Well, I hadn't expected much different. I nodded, all my attention focused on the form on the tilted table. I held up a hand to ask the two men not to speak.

I approached Helen. From her neck down, she was covered by a sheet. Her hair had been brushed. The hum of her presence filled my head. Her soul was still there. That was very unexpected. I jerked with surprise. For the soul to linger three days after death, especially when the body had been found, was almost unprecedented. I knew I would get more information since she was still intact. But I felt full of pity. My neck muscles began to jerk, almost imperceptibly, because I wasn't trying to search for her, she was right in front of me. And she was intact.

The funeral home director was eyeing me with ill-concealed disgust. "She's there," I said very softly, and I saw Gleason's face go slack with horror. I glanced at Tolliver, and he nodded, understanding. "I'm just going to touch her," I explained to Gleason. "With respect."

I stared down at Helen's battered face, my neck and facial muscles relaxing finally. All the bruising made her look as if someone had painted her in shades of dark. Under the edge of the sheet, my fingertips made contact with the skin of her shoulder.

From a distance, I could hear myself gasp—a deep, throaty, alarmed sound. I could see the arm upraised, the arm that held a candlestick. I was crouching down, trying to avoid the blow. The arm was a man's, in a long sleeve. An overwhelming sense of betrayal and shock. The glimpse of the descending arm. Pain and disillusionment, bitterness, the hope of resurrection, a terrifying blend of final emotions. And then nothing, nothing, nothing.
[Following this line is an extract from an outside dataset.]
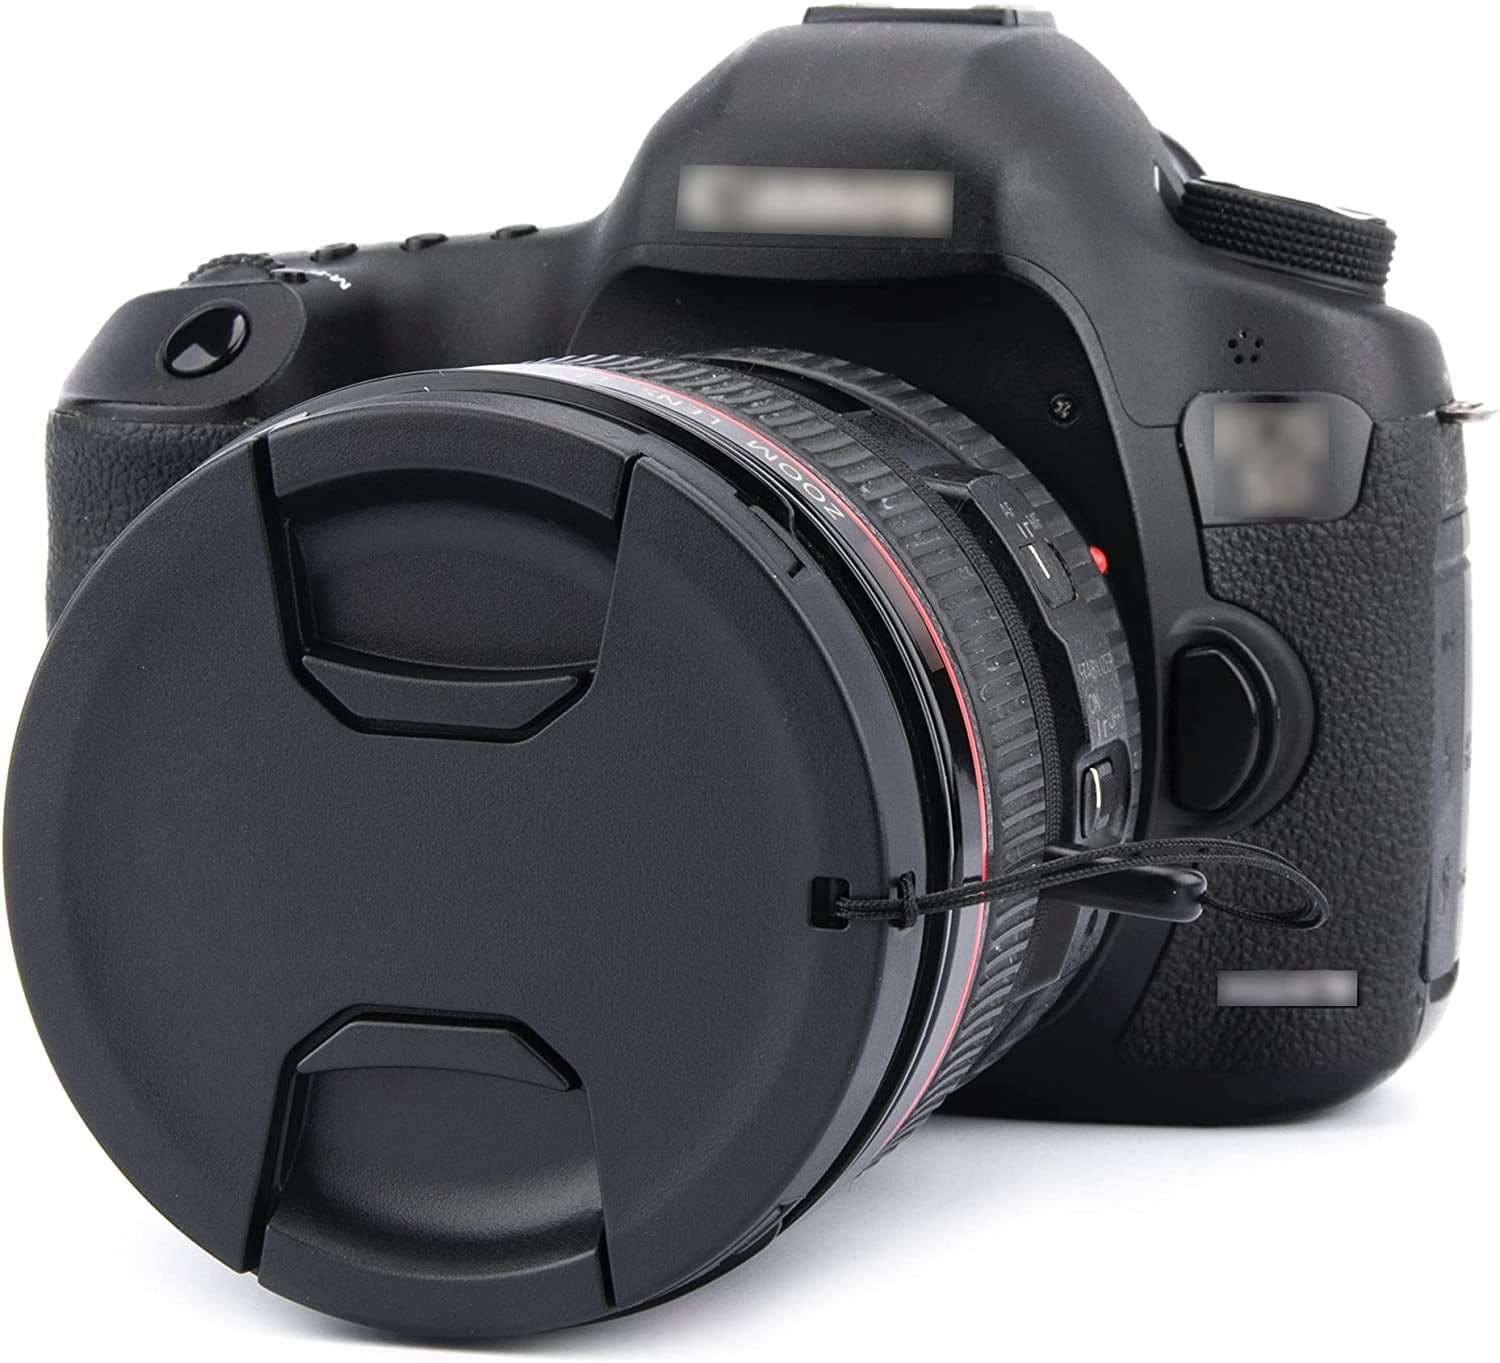 77Mm Front Lens Cap Cover with Keeper for Canon EOS 6D 6DM2 5D Mark IV with EF 24-105Mm or 24-70Mm F4L Kit Lens for Nikon D750 D780 with AF-S 24-120Mm F4G Kit Lens & More Lens with 77Mm Filter Thread

"I know," I whispered. "You can go, now."

And the soul of Helen Hopkins left her body.

This had only happened to me once before. I hadn't known what to do then, had only stumbled on the presence of the dead person by accident. This is what leads to the stories of haunting. The soul wants some acknowledgment of its struggle; the agony involved in the death of the body, and the emotional turmoil of being killed, somehow adhere the soul to the body. If not addressed before burial, this adhesion leads to hauntings.